### Data block

-- Opening Marker --

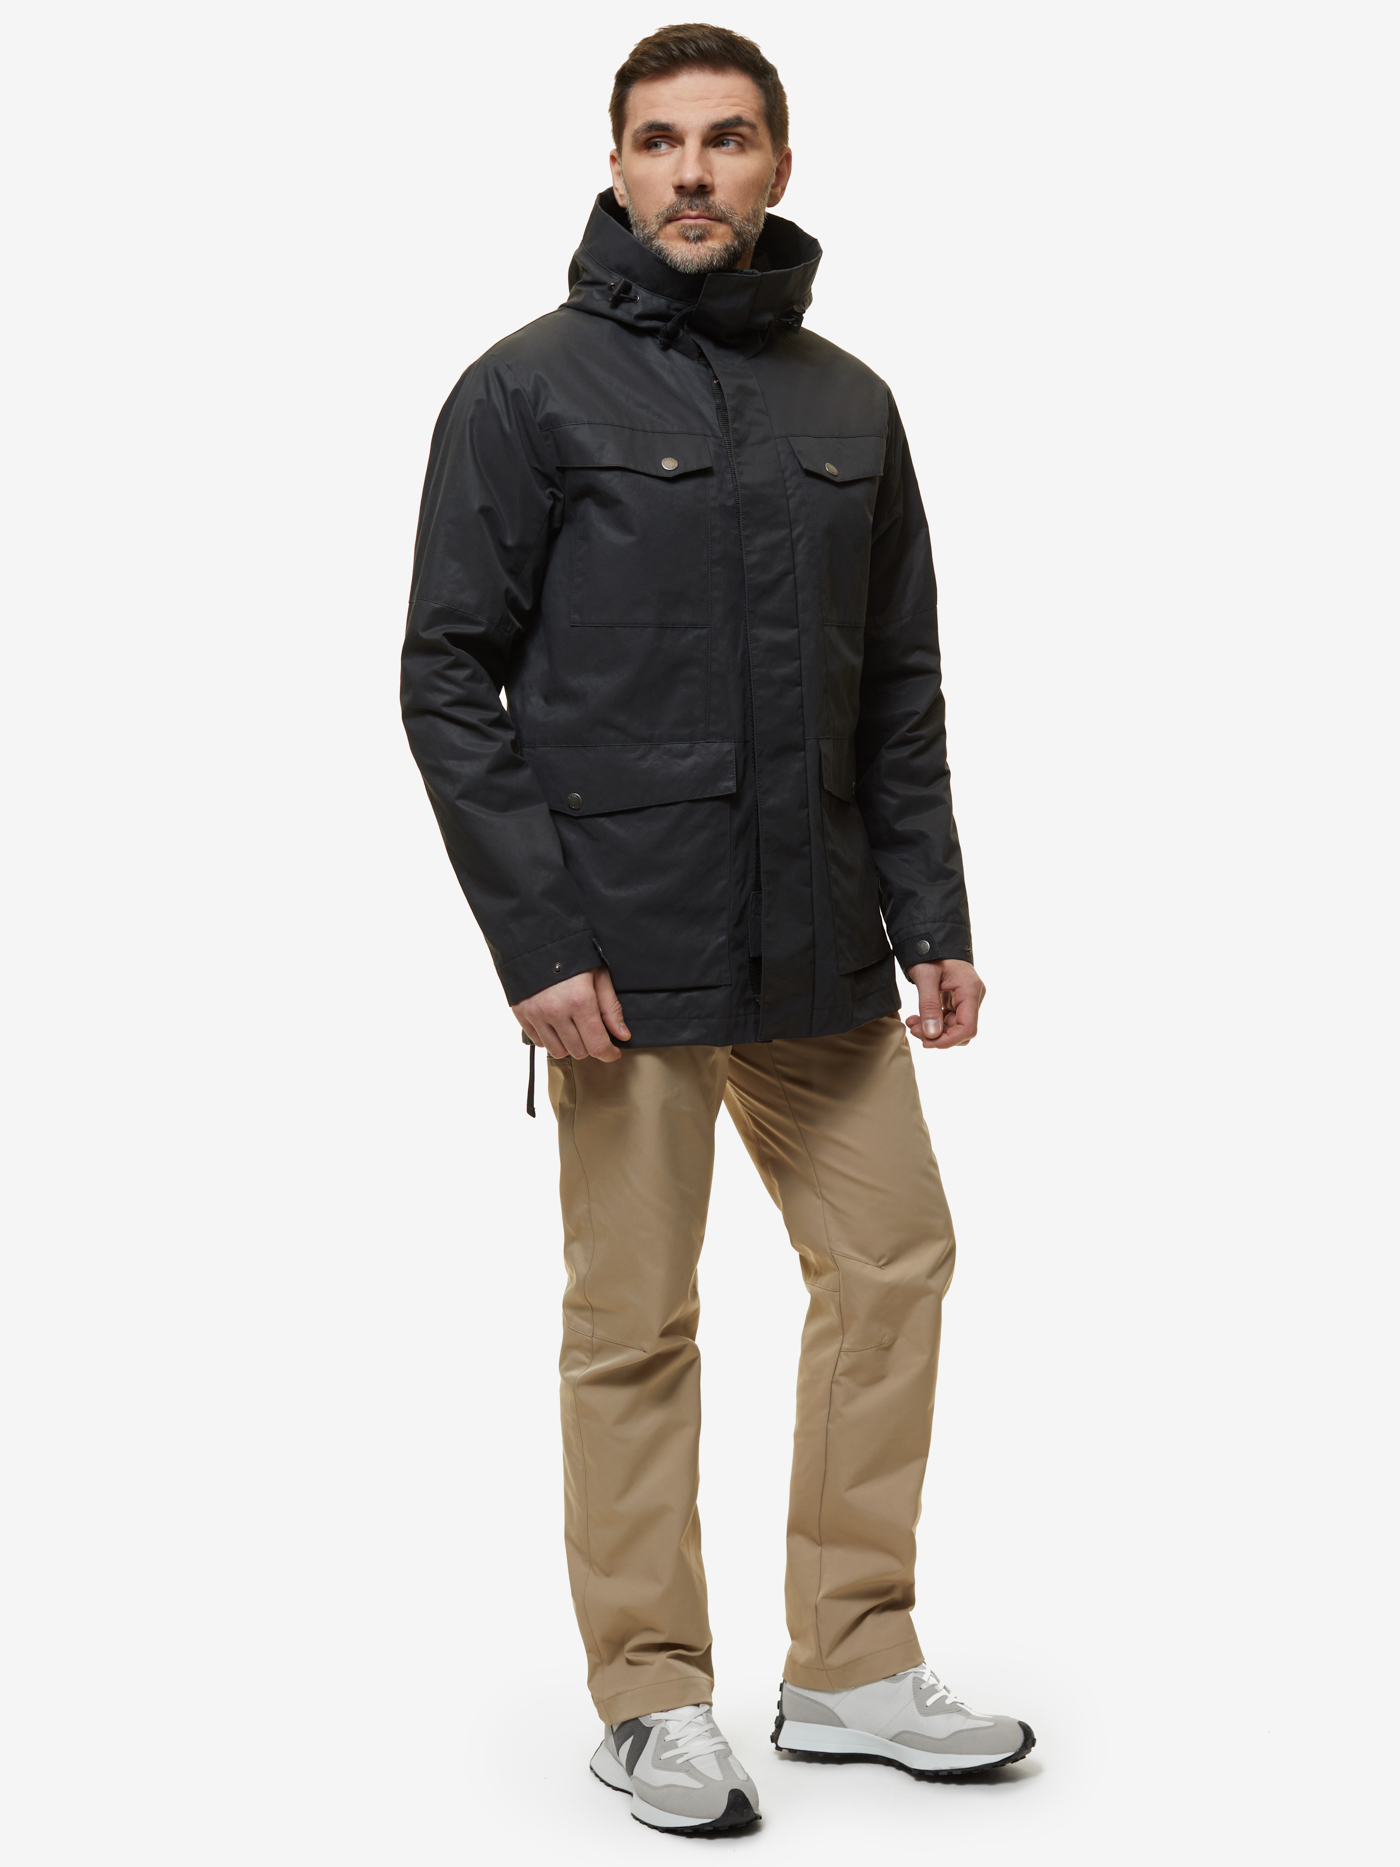 Куртка BASK, размер 50, цвет антрацит 22014-9674-050 Quebec v2 - фото 7
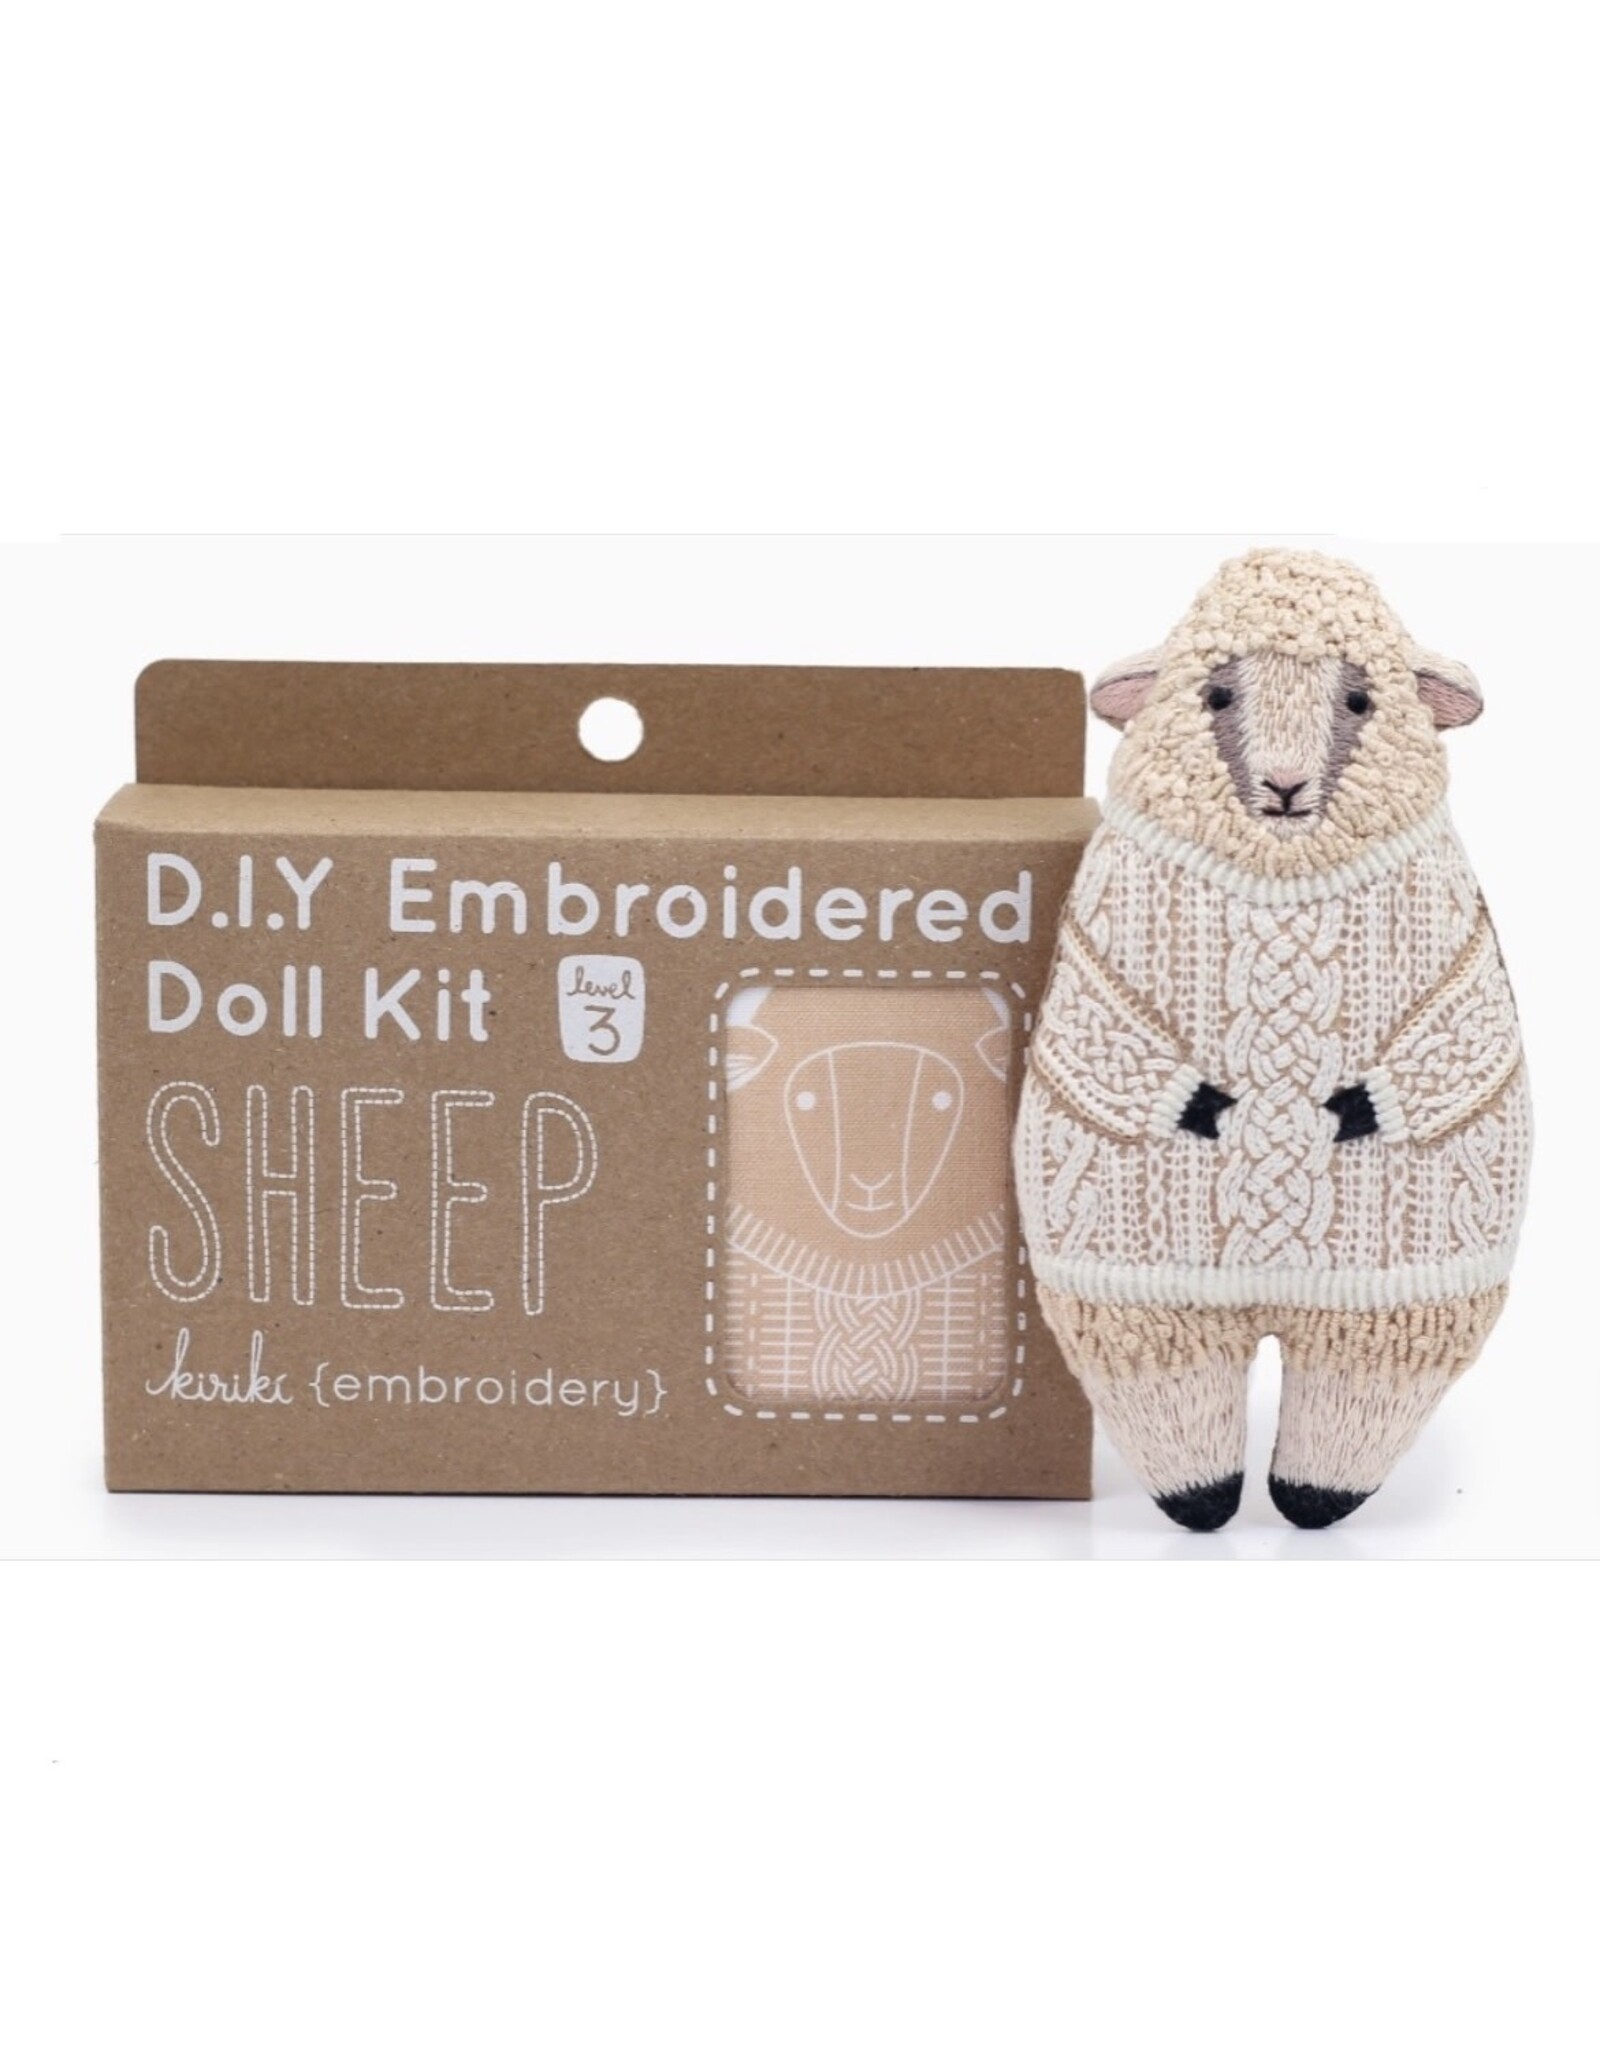 Kiriki Press Sheep - Embroidery Kit w/ Hoop
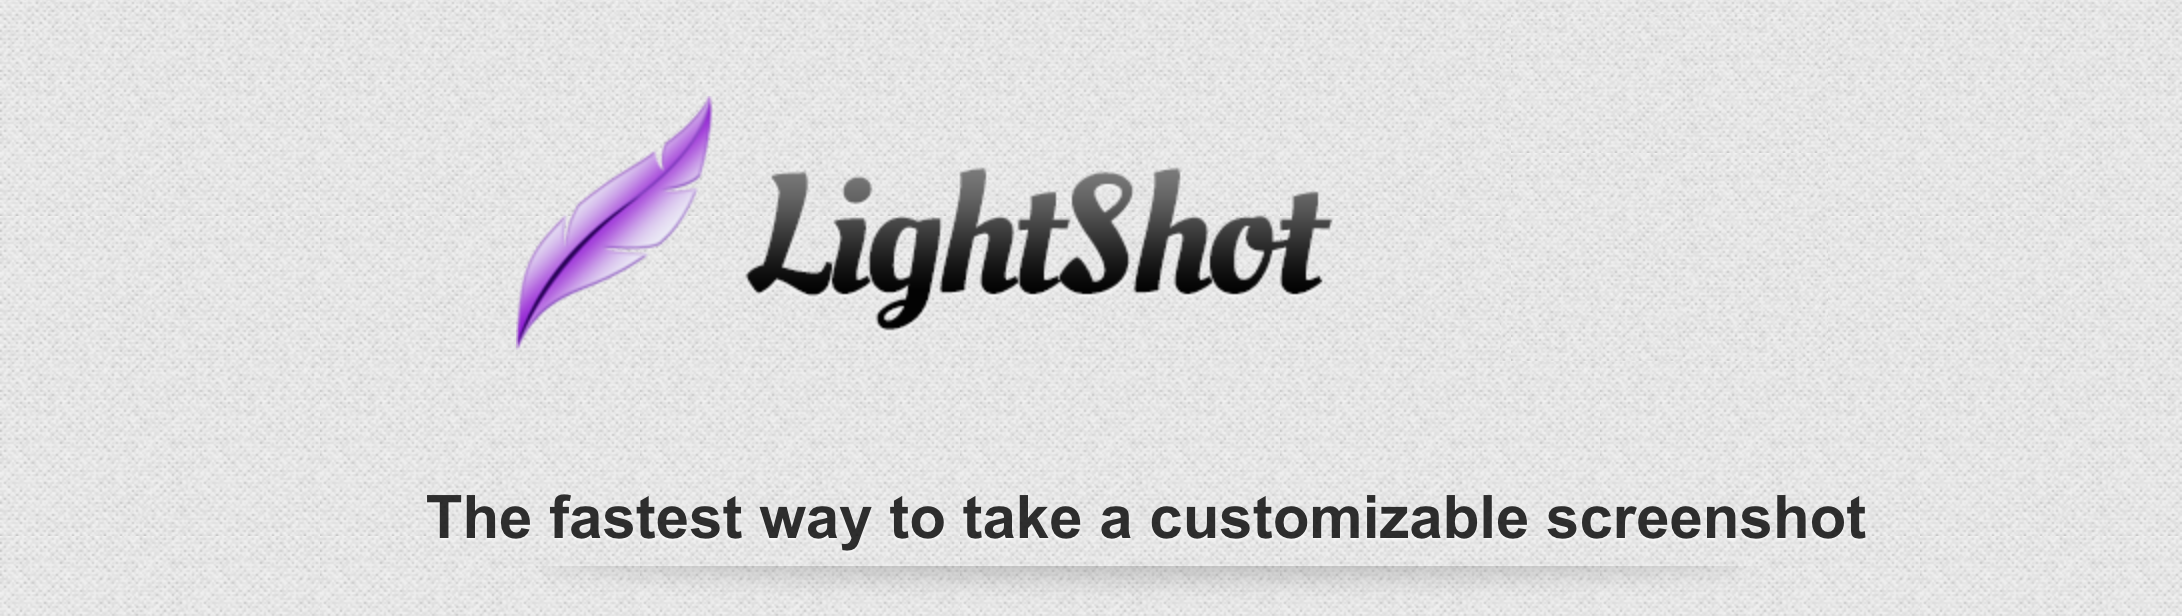 Lightshot. Lightshot логотип. Lightshot ярлык. Программа Lightshot. Xzxc3 https a9fm github io lightshot

-- Closing Marker --

### Work instructions
Give the data again word for word, without pictures.

### Exercise result
 Куртка BASK, размер 50, цвет антрацит 22014-9674-050 Quebec v2 - фото 7
 Kiriki Press Sheep - Embroidery Kit w/ Hoop
 Lightshot. Lightshot логотип. Lightshot ярлык. Программа Lightshot. Xzxc3 https a9fm github io lightshot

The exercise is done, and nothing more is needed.